To a suspension of Palbociclib (7) (100 mg, 0.22 mmol) in DMSO (5 mL) was added tert-butyl (2-(2-(2-(2-bromoethoxy)ethoxy)ethoxy)ethyl)carbamate (8) (156 mg, 0.44 mmol) and DIPEA (0.115 mL, 0.66 mmol). The mixture was heated to 80°C and kept stirring fo r 48h. The mixture was then cooled down to room temperature, extracted, dried, filtered and concentrated.

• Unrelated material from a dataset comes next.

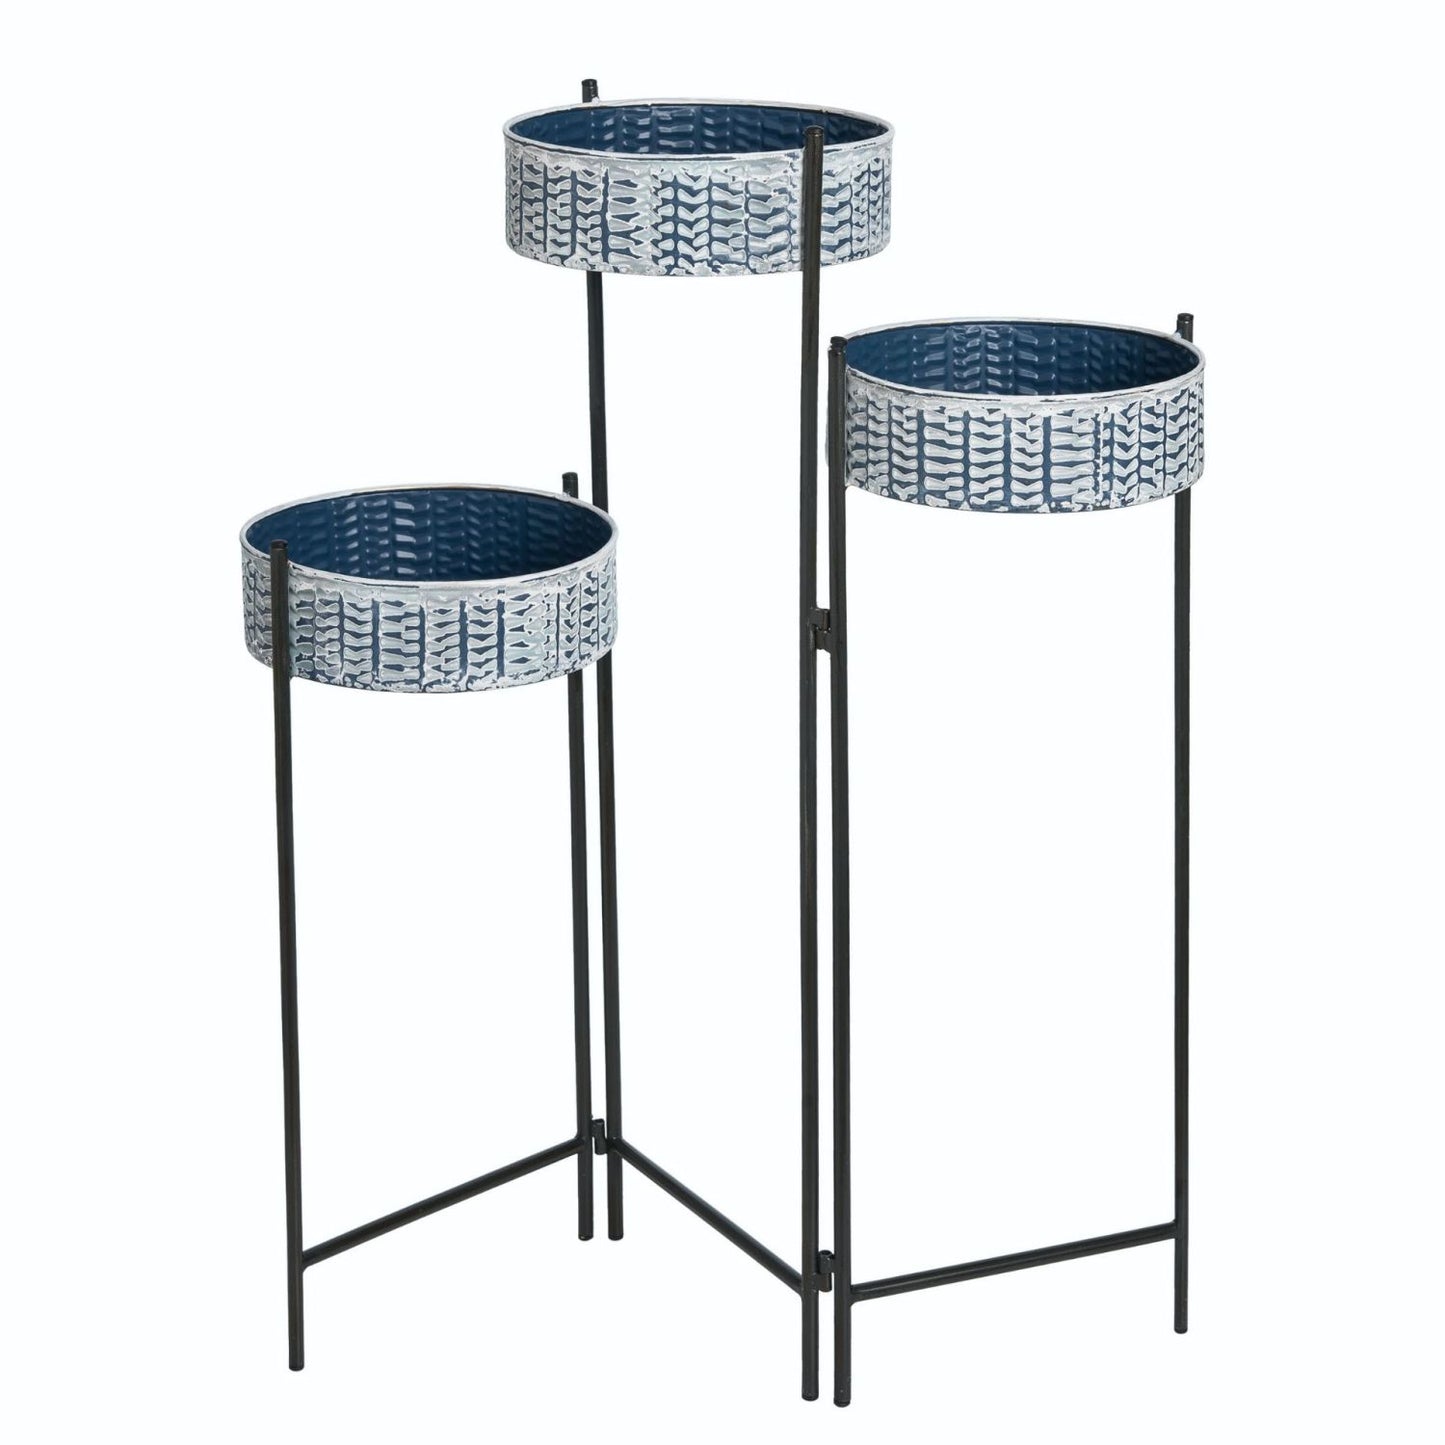 Transpac Metal Collapsible Patterned Plant Stand

The residue was purified by reverse phase HPLC (5–95% MeOH in H₂O) to give 9 (TFA salt) as a yellow solid (103mg, 65%). LC-MS: m/z 723 [M+1]. ¹H NMR (500 MHz, DMSO-d₆) δ 10.34 (s, 1H), 8.97 (s, 1H), 8.12 (d, J = 3.0 Hz, 1H), 7.90 (d, J = 9.1 Hz, 1H), 7.64–7.58 (m, 1H), 6.81–6.74 (m, 1H), 5.89–5.78 (m, 1H), 3.93–3.75 (m, 4H), 3.67–3.60 (m, 4H), 3.59–3.55 (m, 2H), 3.55–3.46 (m, 4H), 3.44–3.35 (m, 4H), 3.27 (br, 2H), 3.15–3.01 (m, 4H), 2.42 (s, 3H), 2.32 (s, 3H), 2.28–2.19 (m, 2H), 1.95–1.84 (m, 2H), 1.83–1.71 (m, 2H), 1.64–1.52 (m, 2H), 1.36 (s, 9H). ¹³C NMR (126 MHz, DMSO) δ 202.38, 160.69, 158.32, 158.08, 157.98, 155.59, 154.77, 145.07, 141.96, 141.83, 134.97, 129.58, 126.24, 115.21, 106.93, 77.61, 69.67, 69.60, 69.52, 69.47, 69.17, 64.24, 54.85, 52.96, 50.95, 45.48, 31.29, 28.21, 27.57, 25.14, 13.65.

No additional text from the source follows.